Quando guardi un incontro, con la tua conoscenza della tecnologia di corde e racchette, lo guardi in modo differente dall’appassionato medio?
Probabilmente quando vedo un colpo e dico che non sarebbe stato possibile vent’anni fa. Ai vecchi tempi, quando la maggior parte dei tennisti giocava con corde in budello naturale, non potevi colpire ogni volta tanto forte quanto avresti voluto, perché dopo cinque o sei colpi avresti perso controllo. Il budello è ‘vivace’, perlopiù. Oggi ci devono mettere un po’ più topspin, ma tirano quasi a tutta velocità.
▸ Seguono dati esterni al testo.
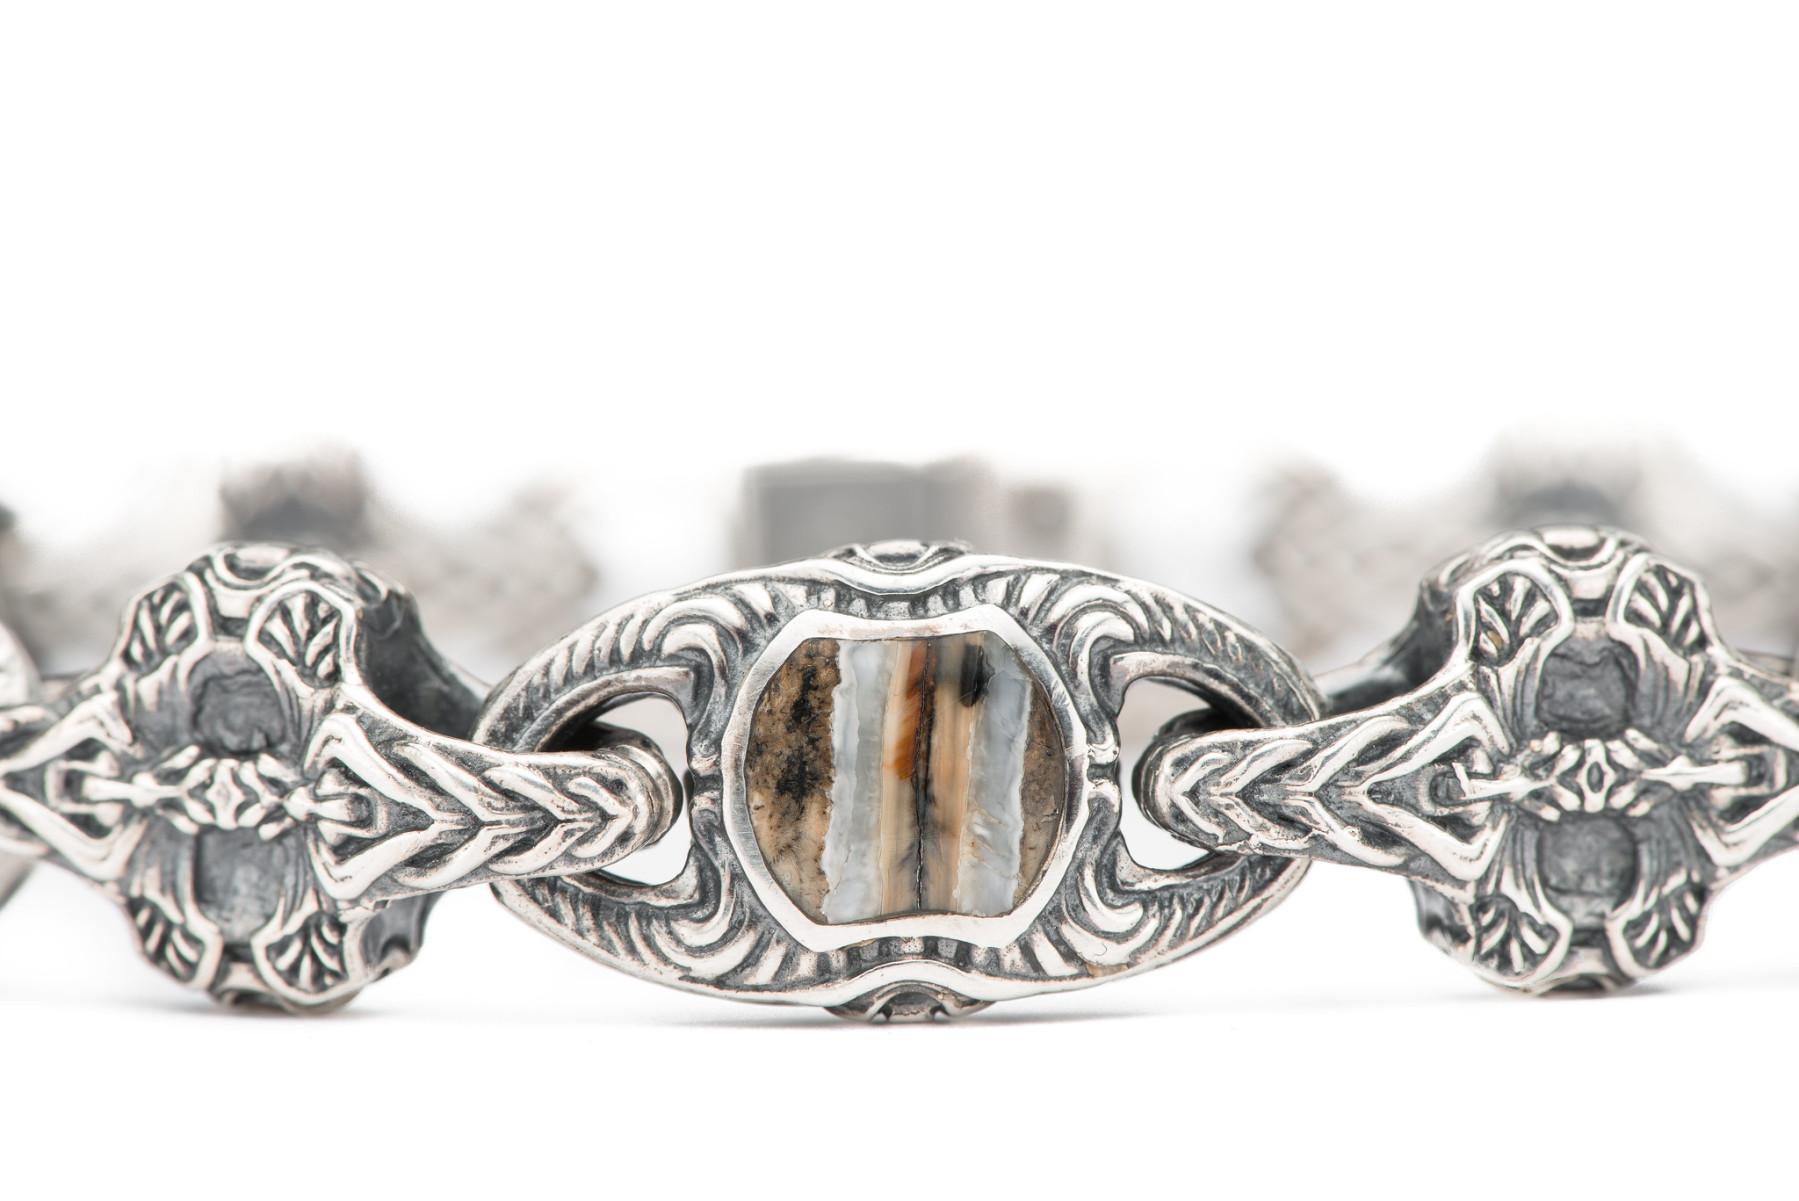 William Henry Squire Bracelet Detail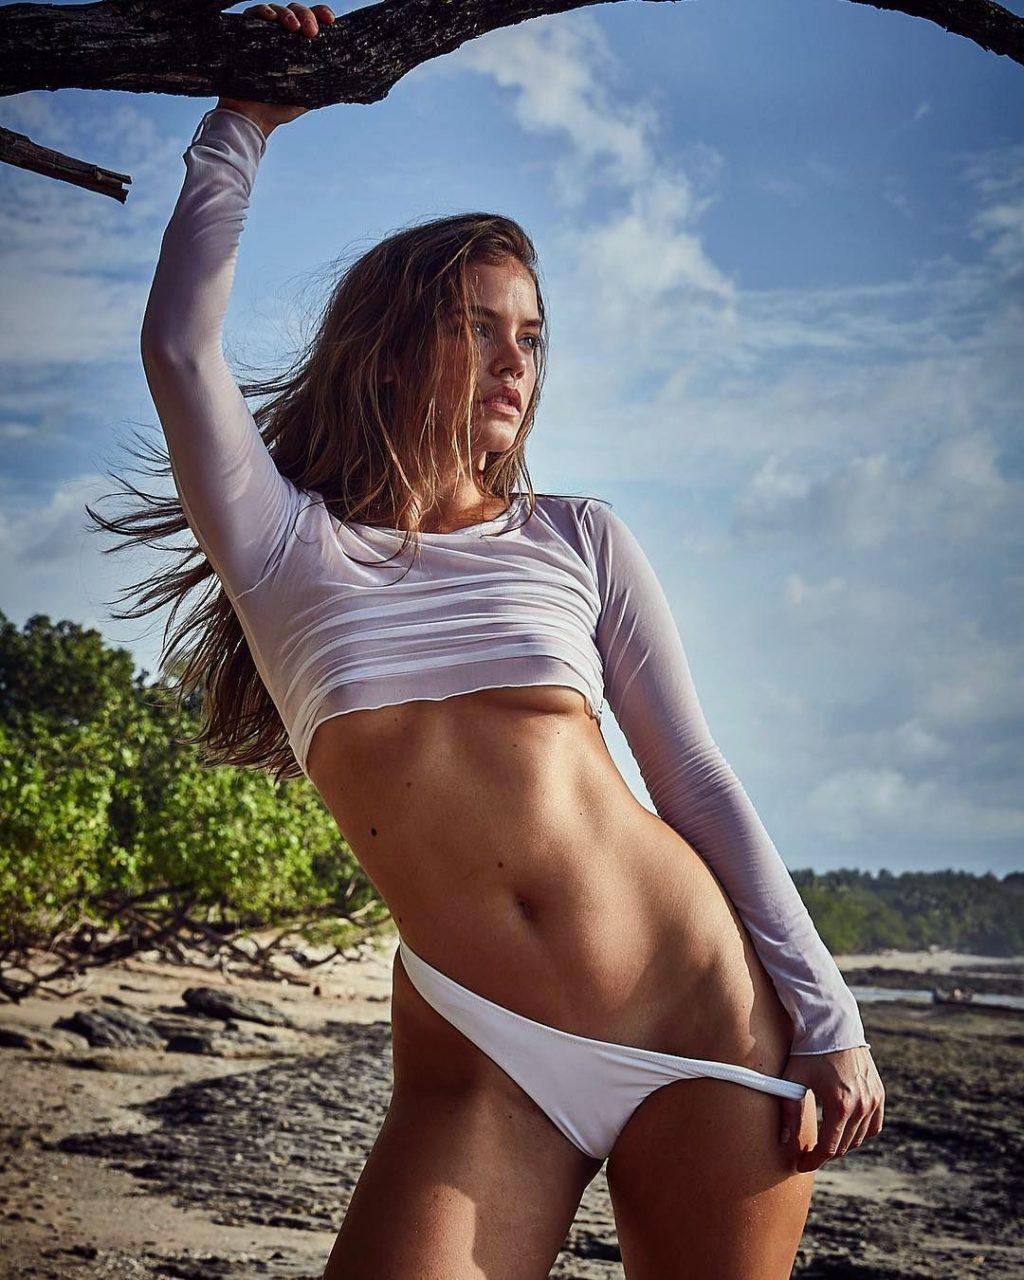 Barbara Palvin Hot girlfappening.com 1

Anche quando si giocano un punto importante e c’è molta pressione, li vedi rispondere e sono in grado di colpire forte quanto vogliono. Oppure, quando uno viene a rete e l’altro, in allungo, la mette incrociata per un passante vincente. E io, “questo non sarebbe successo venticinque anni fa”.

Hai detto che la tua famiglia non approvò la tua decisione di lasciare gli studi al Georgia Tech e lavorare come incordatore. Cosa ne pensano adesso?
A mia mamma piace raccontare alle sue amiche in Corea che “mio figlio è amico di Roger Federer e lavora con lui.” Ciò ha alleviato il dolore.